Month: October 2008

  • I have lately become obsessed with the operas of Benjamin Britten.  It's weird how I migrate from composer to composer and find something new that interests me.  I never lose love or respect for the music I'm already familar with, but gaining a new body of works to appreciate adds something to my life.  It makes it better in a unique way that would've been impossible otherwise.  Imagine if I'd gone my whole life without become acquainted with them?  It's a reason to continuously seek out as much new music as possible.

    How I "discovered" Britten is a bit tangled.  Of course I'd heard of him and knew a few of his works.  (His Violin Concerto is excellent.)  But what caught my attention was the mutual respect between him and Shostakovich, who remains my favorite composer.  They struck up a friendship in the later years of both their lives, and one that was a bit odd given that it was the height of the Cold War and travel between the USSR and England was not always easy.  Anyway, on one visit, Britten gave Shostakovich an uncompleted score of "Death in Venice" to look over, and Shostakovich loved it.  That was enough for me to try to get a hold of a recording. 

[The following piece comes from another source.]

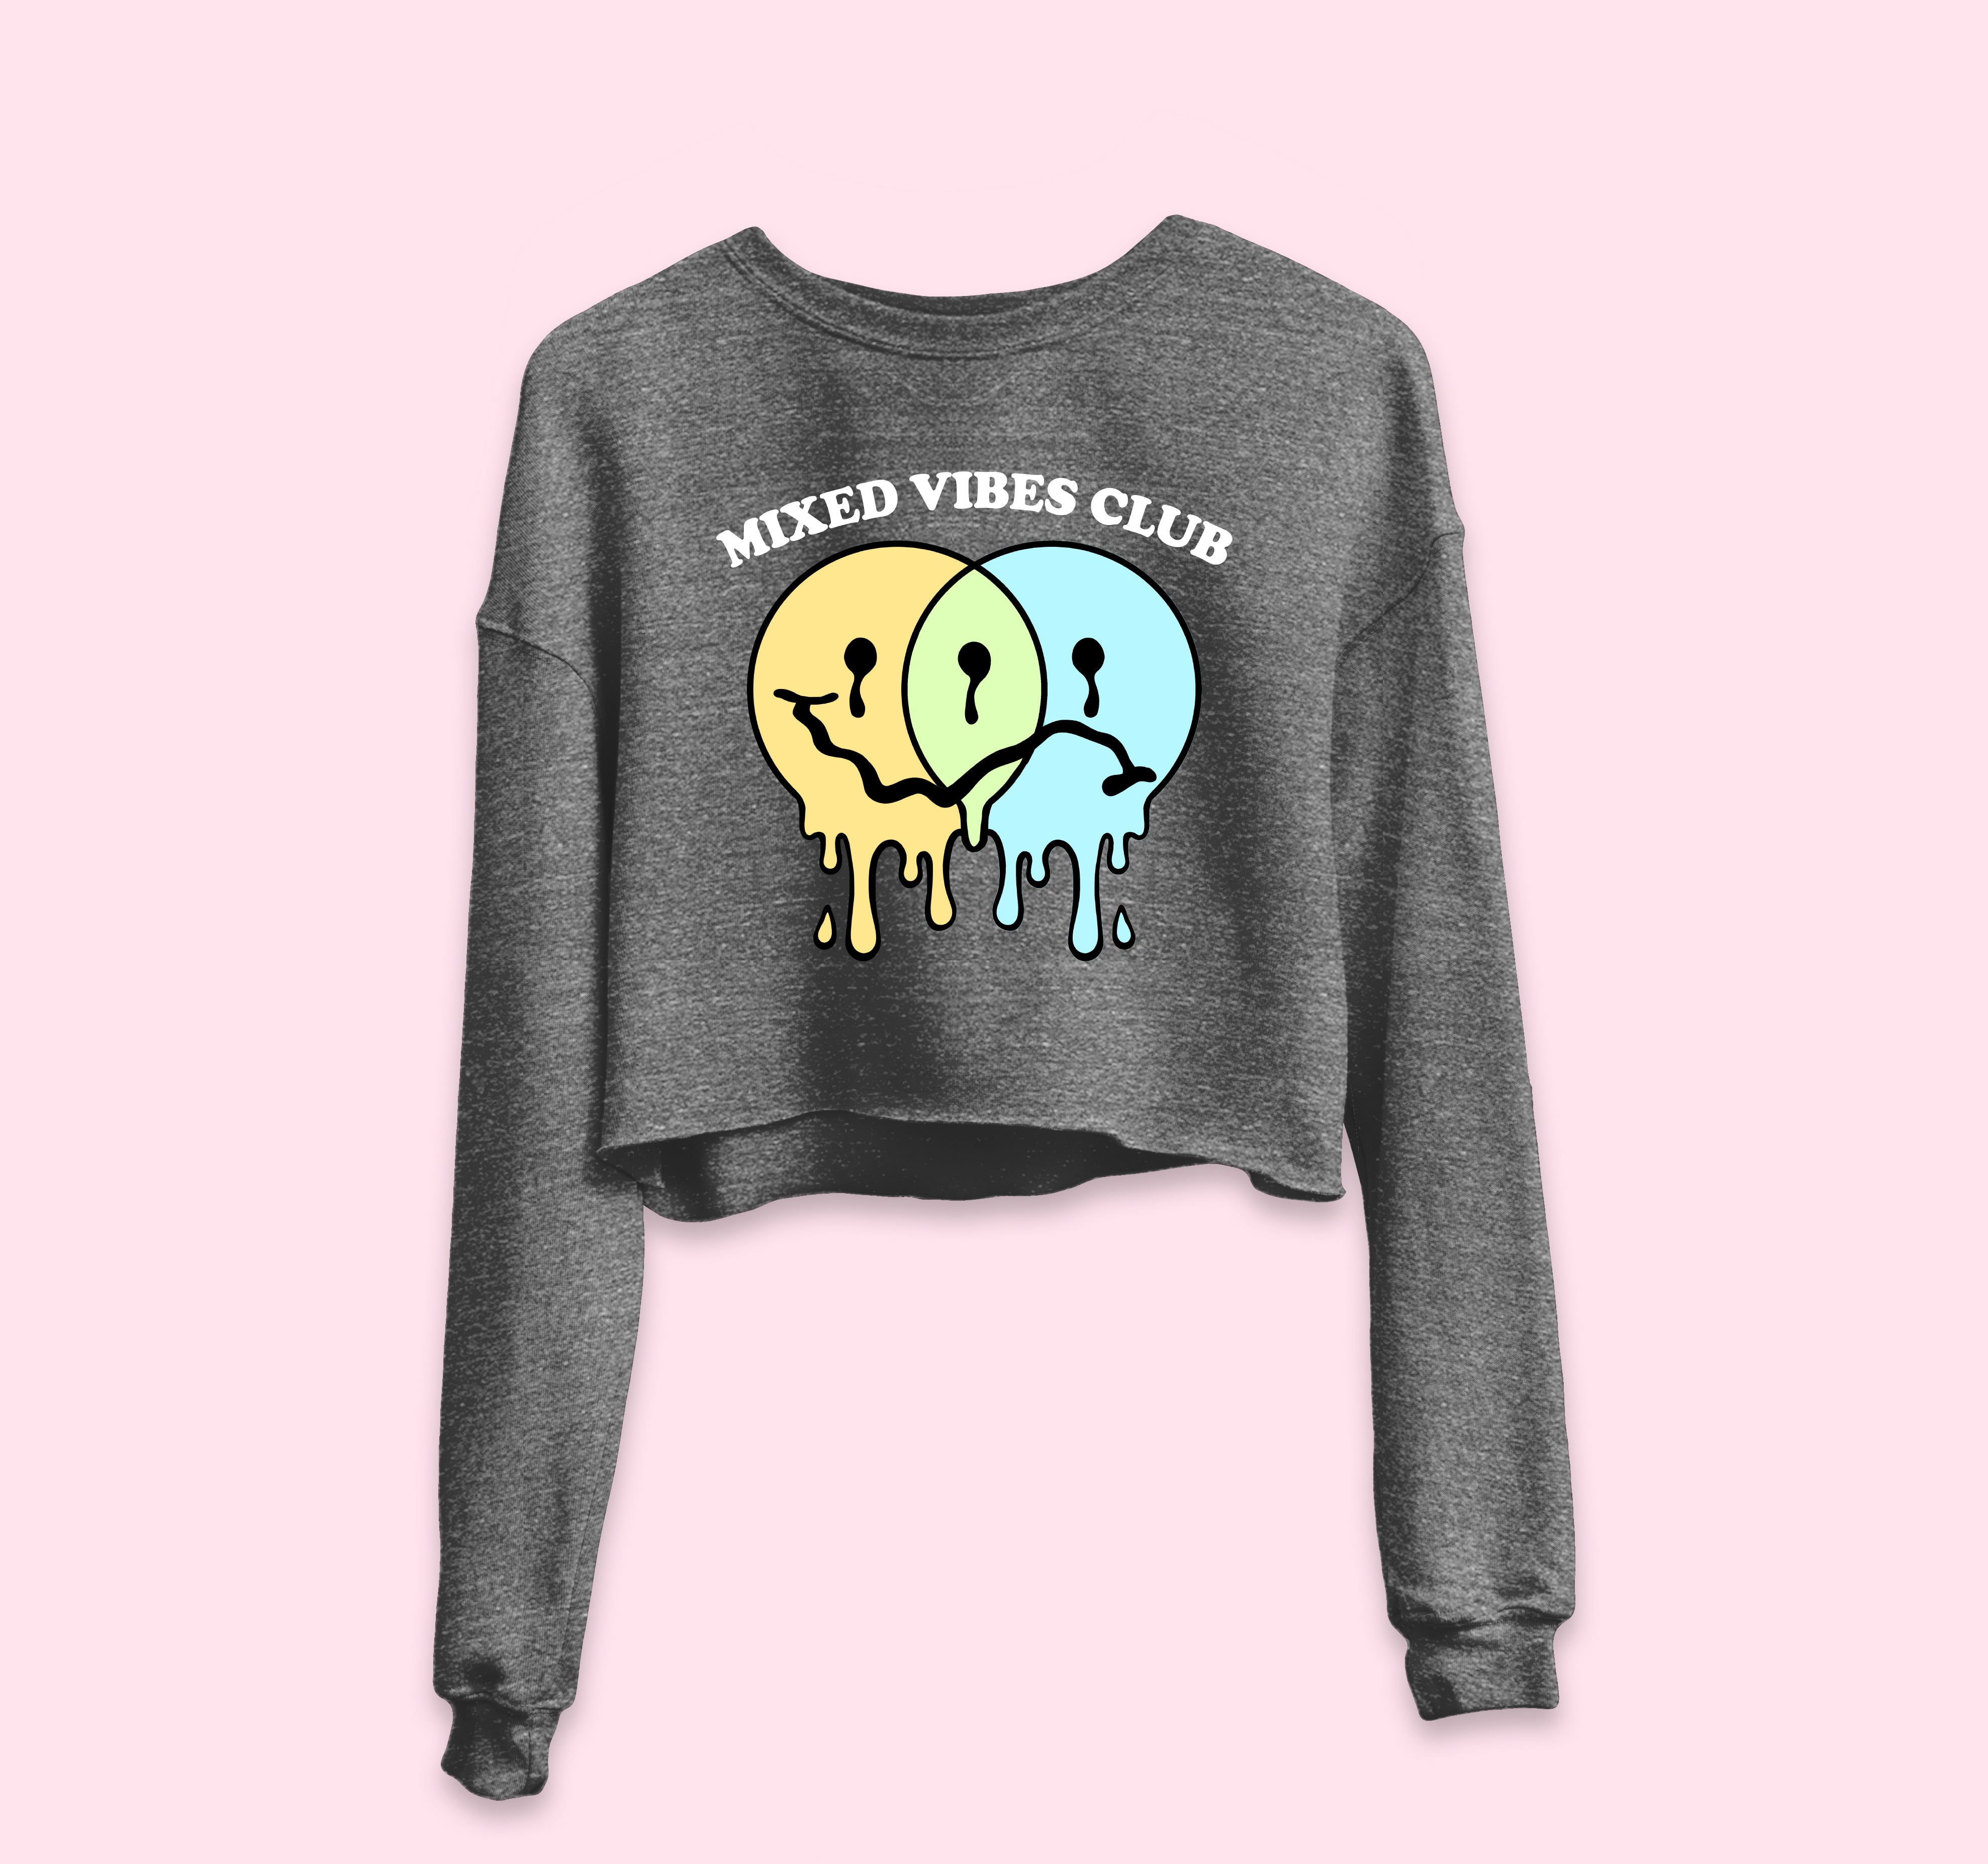 Mixed Vibes Club Crop Sweatshirt

    As it turns out, Britten made a shitload of recordings of him conducting his own pieces -- although not actually "Death in Venice" since he was very ill when it was finally produced.  I have found four box sets, two of his operas and two of his orchestral and church works; here's an example.  They're relatively cheap for the amount of material you get, so I got all four, and I've been blown away.

    I'm not naturally an opera fan, but having the opera in English helps SO much.  You still can't understand a lot of what they are saying, but it draws you into the story more and you can pick up more and more words as time goes on.  His operas are packed with creative instrumental writing not to mention excellent vocal settings of the text.  For example, A Midsummernight's Dream contains nothing but Shakespeare's original text (with the exception of one line, added to fill in background for a lot of the original Act I of the play, which was cut), but the musical settings are so inventive.  Oberon is played by a countertenor, which is this creepy male voice in the alto/lower soprano range, and has a couple haunting themes accompanied by the celesta.  Puck's role is entirely spoken, but in rhythmic cadences and always with trumpet/tom-tom interspersed throughout.  The lovers and the woodsmen each have a distinctive style of music that goes with their scenes and fits perfectly.

    I could go on.  I will say that "Billy Budd" and "Owen Wingrave" are my least favorite operas of the set -- atlhough somtimes I warm up to things after a while, so I may yet change my mind.  But "Turn of the Screw" is haunting, with a twelve-tone theme that keeps come back in variation after variation; "Glorianna," although a critical failure, is a fabulous story depicting the relationship between Queen Elizabeth I and the Earl of Essex and is one of my favorites.  And of course "Peter Grimes," which is, luckily, playing in San Diego this year.

    Not only was Britten friends with Shostakvoich, but also Rostroprovich, which prompted him to write a set of three excellent Solo Suites for Cello, as well as a Sonata for Cello.  (There is also a "Cello Symphony," although I am not particularly fond of it.)  I was interested to learn recently that Rostroprovich was married to Galina Vishnevskaya, who was the intended soprano for the first performance of Britten's "War Requiem," and who has an unbelievaeably powerful voice.  (She didn't end up making the premiere because the USSR wouldn't let her out of the country for the performance, but she recorded it later in a performace included on the box sets mentioned earlier.)  I was also surprised to learn that she is the singer who plays the title role of the recording of Shostavkovich's "Lady Macbeth of the Mtsensk District" that I have.  Small world.

    The box sets also contain some recordings of Britten rehearsing the orchestra perform the taping of the "War Requiem."  He didn't know the tape player was still running, so it captures him as he naturally would be, and it's charming to hear him interact with the orchestra and chorus.  He's a conductor you'd want to play for.

    The experience definitely has me on the lookout for other 20th century composers of operas in English.  John Adams's Nixon in China is pretty damn good too.